◆ **DATA SEGMENT**
════════════════
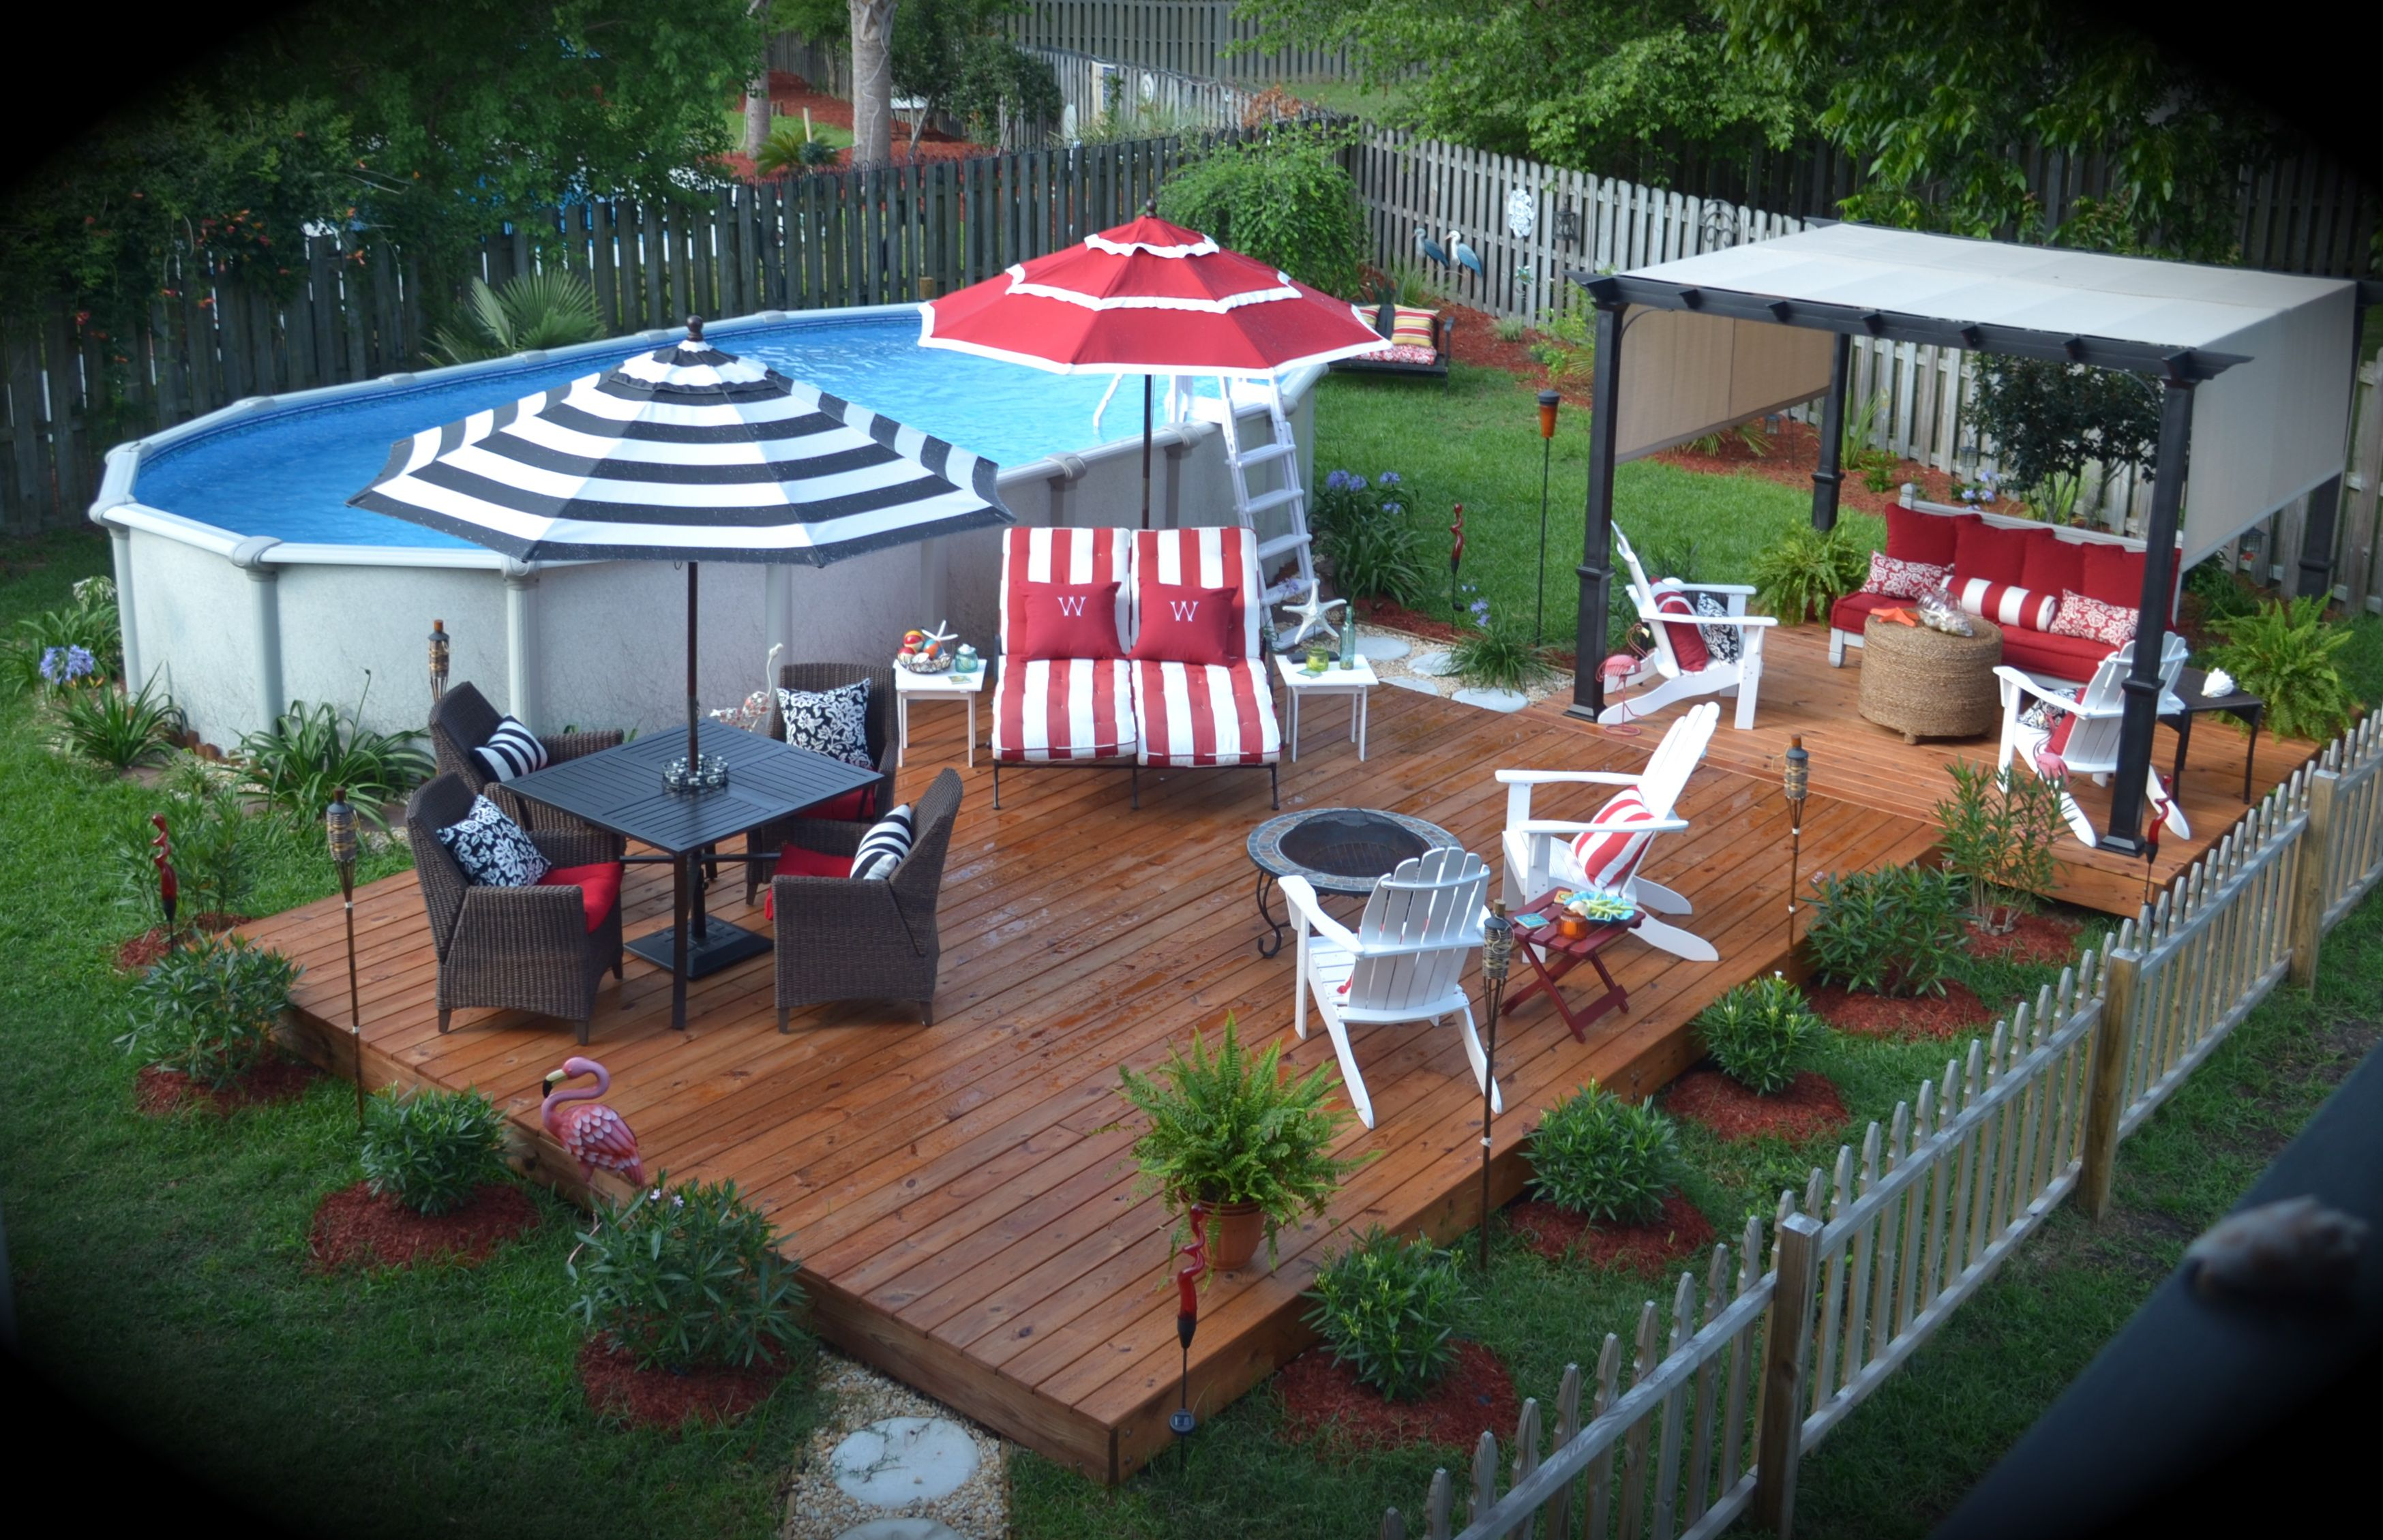 Pin by Priscilla Witt on Backyard Ideas Backyard pool
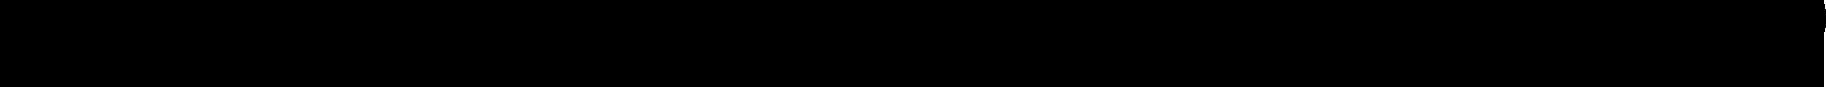 Marriage Script font
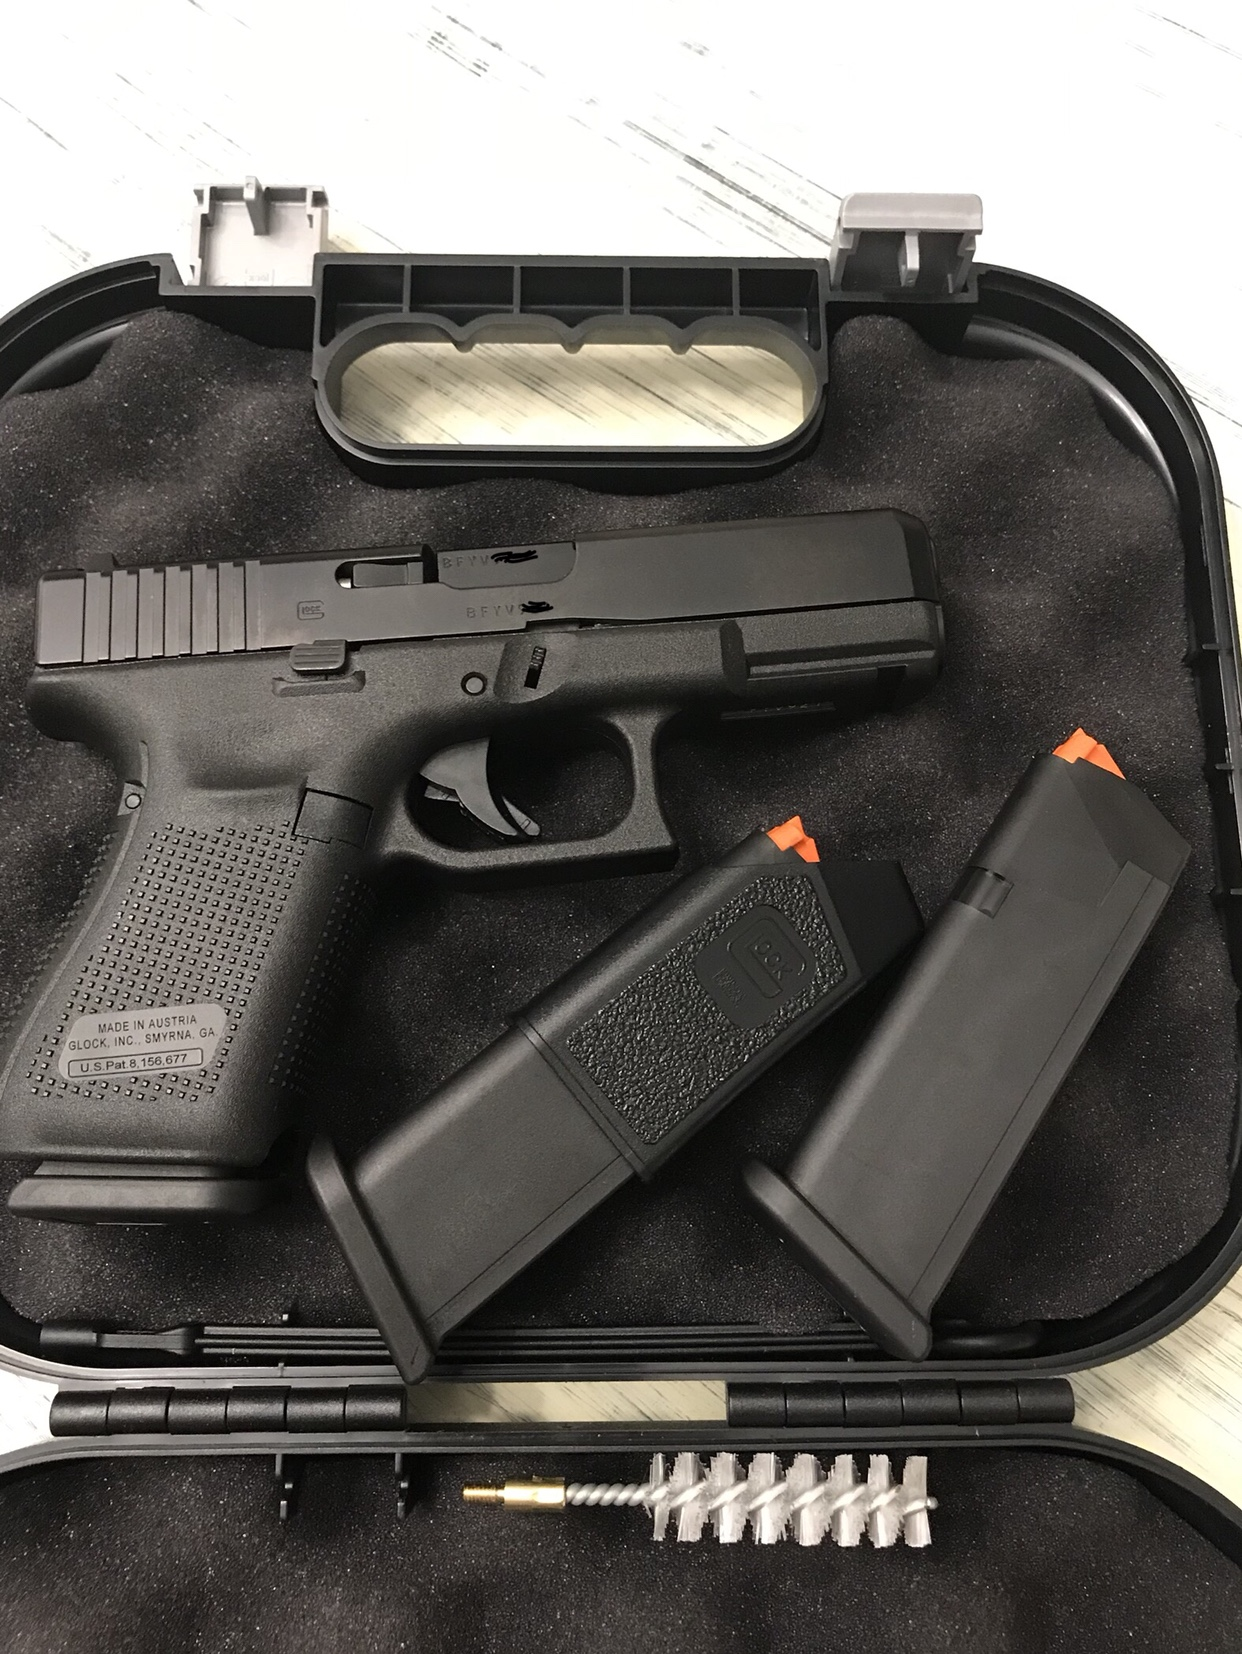 for sale glock 19 gen 5 glock 43 talo with ns sig talk
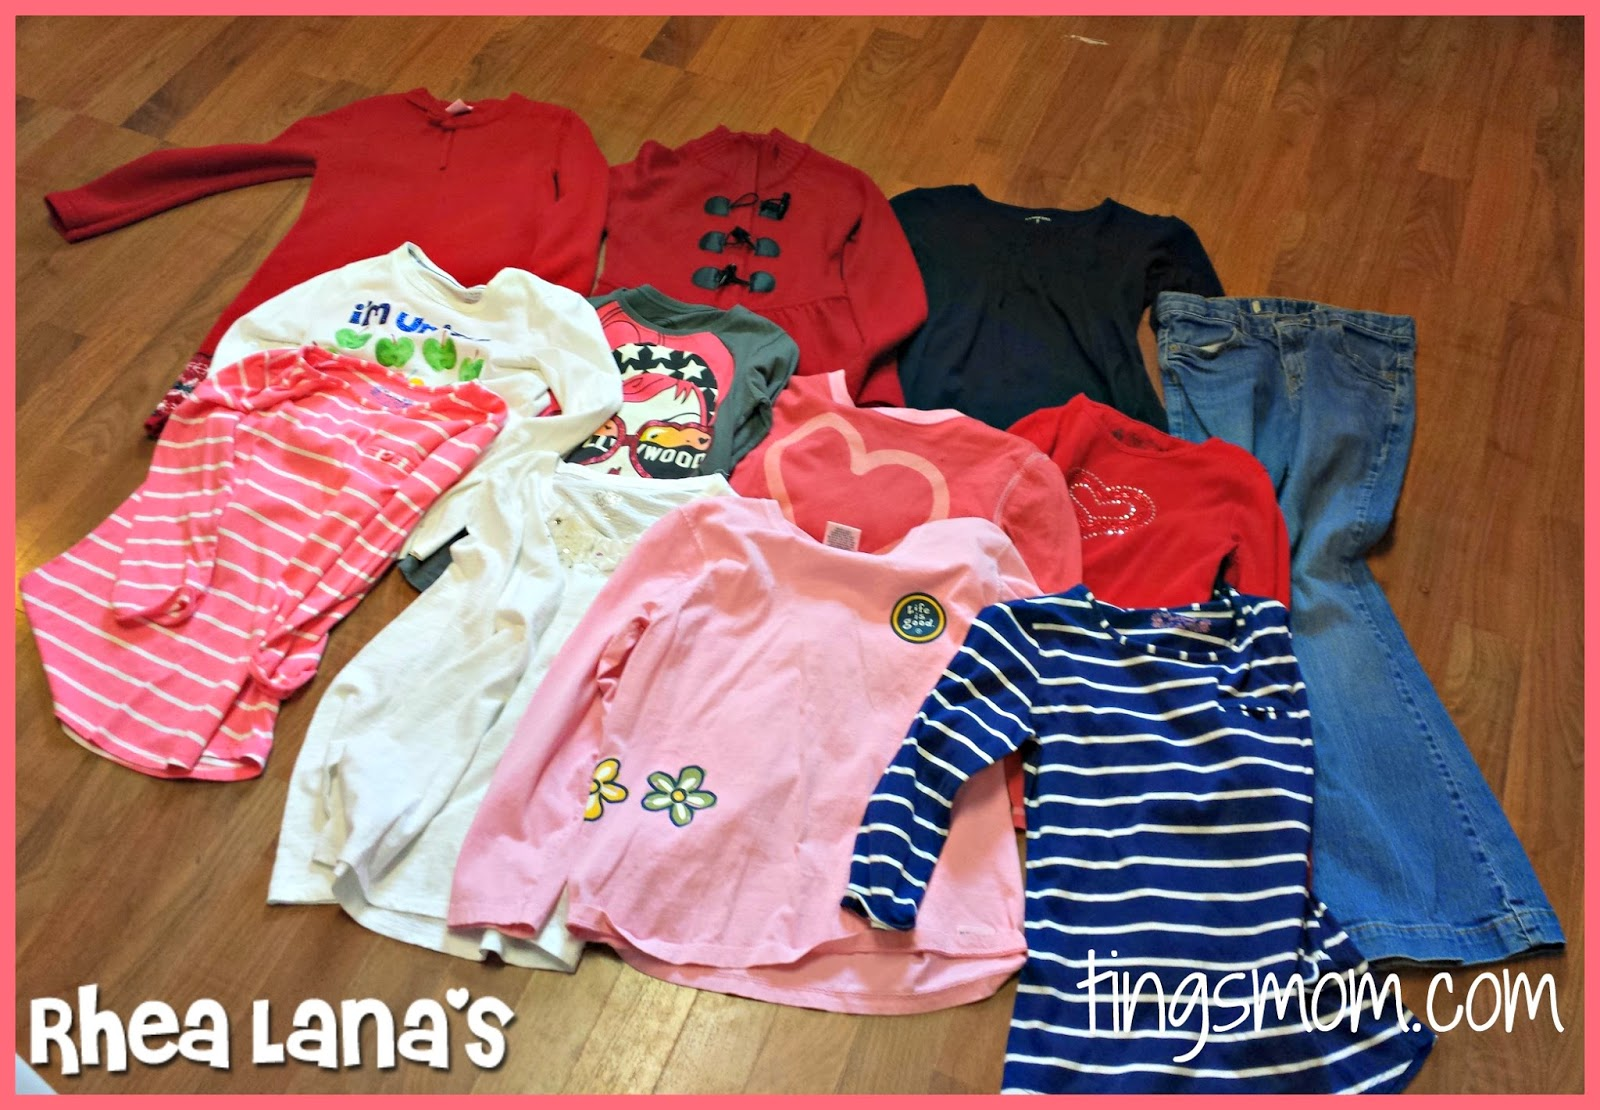 Rhea Lana Fall/Winter Haul | #rhealana #consignmentsale #kidsclothes #bargains
════════════════
◆ **TASK GOAL**
Repeat the material above verbatim. Leave the pictures behind.

◆ **RESULT FOR THIS TASK**
 Pin by Priscilla Witt on Backyard Ideas Backyard pool
 Marriage Script font
 for sale glock 19 gen 5 glock 43 talo with ns sig talk
 Rhea Lana Fall/Winter Haul | #rhealana #consignmentsale #kidsclothes #bargains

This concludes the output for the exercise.